Image quality degradation as a hotlink prevention measure and deterrent
Hotlink protection is the practice of serving different images based on the HTTP Referer (sic) header. In other words, serving one image when the image is requested from a page on your own website and then serve a different image when it’s served from a page on another website. When websites include images from other websites without permissions, this is known as “hotlinking”.
Early-web hotlink protection measures were crude and not very sexy when seen with a modern eye. Yet its deployed by many websites because bandwidth still isn’t free and people who don’t know any better or just doesn’t care about free-loading the bandwidth of other websites continue to hotlink images.
The old way
The traditional hotlinking protection method consist of looking at the HTTP Referer (sic) request header for images and return a completely different image when the request originated from an unexpected domain. The returned image is often a sarcastic remark or verbal attack of the website that hotlinked the image. Google Image Search has some varied specimens.
This method is deployed on tens of thousands of domains and have been recommended and echoed on blog after blog over the last decade and a half.
This solves the immediate problem of having other websites and especially blogs and forums from hotlinking images. It’s rather effective as publisher quickly realizes that the image they thought they were including didn’t turn out to be what they expected.
It does, however, also negatively reflect on your own website as you’re making an issue out of something that — to the average person on the web — is none of their concern, wasn’t ever a problem for them, and then you came along and made it a problem.
Another problem is that the web has changed a lot since this hotlinking technique was initially deployed. Bandwidth has become much cheaper and there are hundreds of social link collectives, news sites, and other networks; plus hundreds of hosted and self-hosted syndication feed readers, web mail clients, and machine-translation services.
To put it simply, there are a lot of places where people now expect hotlinking to work. It can hurt traffic growth opportunities if you return a passive aggressive or outright aggressive warning instead of an image representing your product, article, photo, or other creative works or products.
An alternate technique involves returning a HTTP 204 No Content status code and immediately dropping the connection. This most certainly significantly reduces the bandwidth costs associated with hotlinked images. Outright blocking hotlinked images has the drawback of potentially making your website appear to be broken.
Embedding/inline-loading is much more common now and it’s considered legitimate in many more contexts because of popular web reading list services, feed readers, social news sites, web mail, aggregates, etc. Maintaining a whitelist of the services you approve of individually is impractical and would have to be constantly fine-tuned.
You definitively don’t want to shout at potential visitors who’re coming to your website from their webmail or social network sites about them stealing bandwidth. Yet this is exactly what many websites do.
As hotlinking can’t really be prevented in any meaningful way, I like to focus on reducing it’s impact on my server and bandwidth instead. A hotlinked image will be siphoning server resources no matter what you do, so let us rather make the best of the situation.
Modernizing an old technique
My technique is based on the same HTTP Referer (sic) technique as before, but instead of returning a completely different image with a warning – visitors on external websites get served a reduced quality variant of the original image.
This happens through an on-demand image processor that will intercept image requests when their referrer information doesn’t match that of my website. When the image processor is called upon, it will significantly reduce the dimensions and quality of the source image; thus reducing it’s demand on bandwidth.

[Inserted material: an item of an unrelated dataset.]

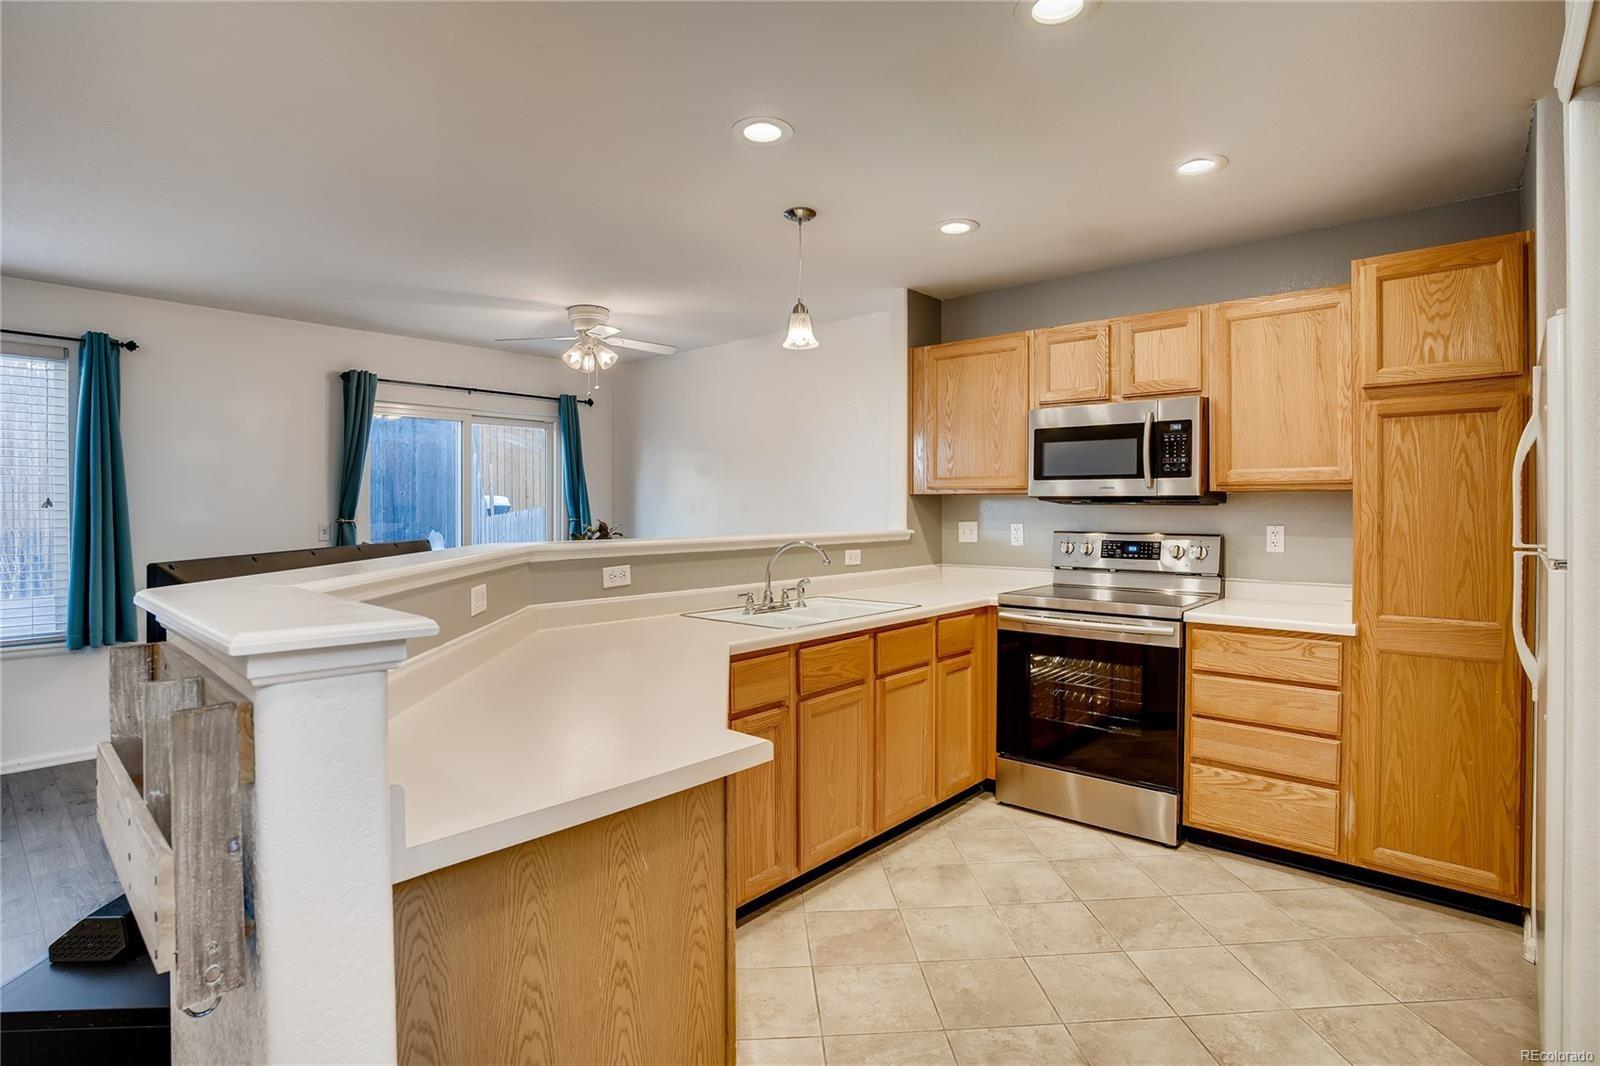 MLS# 3654588 - 5 - 2085 E 103rd Avenue, Thornton, CO 80229

While the image will remain identifiable and be easier on your bandwidth bill, it might reflect badly on the external website as they’ll suddenly have lower quality imagery on their site. If the external site is kind enough to link back to your website, the visitor would see the full image size. Loyal visitors on your site that have already cached the image would also still see the full-quality image on the external site.
A high resolution 1000×600 image at JPEG quality 82 (WordPress default) can be compressed down to 300×180 at JPEG quality 25 and save as much as 96% of the bandwidth demand per request. This does of course depend on the complexity of the image and other factors, but you’re looking at a hefty bandwidth saving while still having a mostly distinguishable image.
You should still allow for some exceptions, however. Images used in the OpenGraph Protocol and images in web syndication feeds should be excluded from bandwidth protection measures. This can easily be achieved by tagging them as being hosted in a different location or by including a special token in their URLs (such as ?is=ogp). Image requests referred through machine-translation services should also be excluded. I’ll get back to both of these later.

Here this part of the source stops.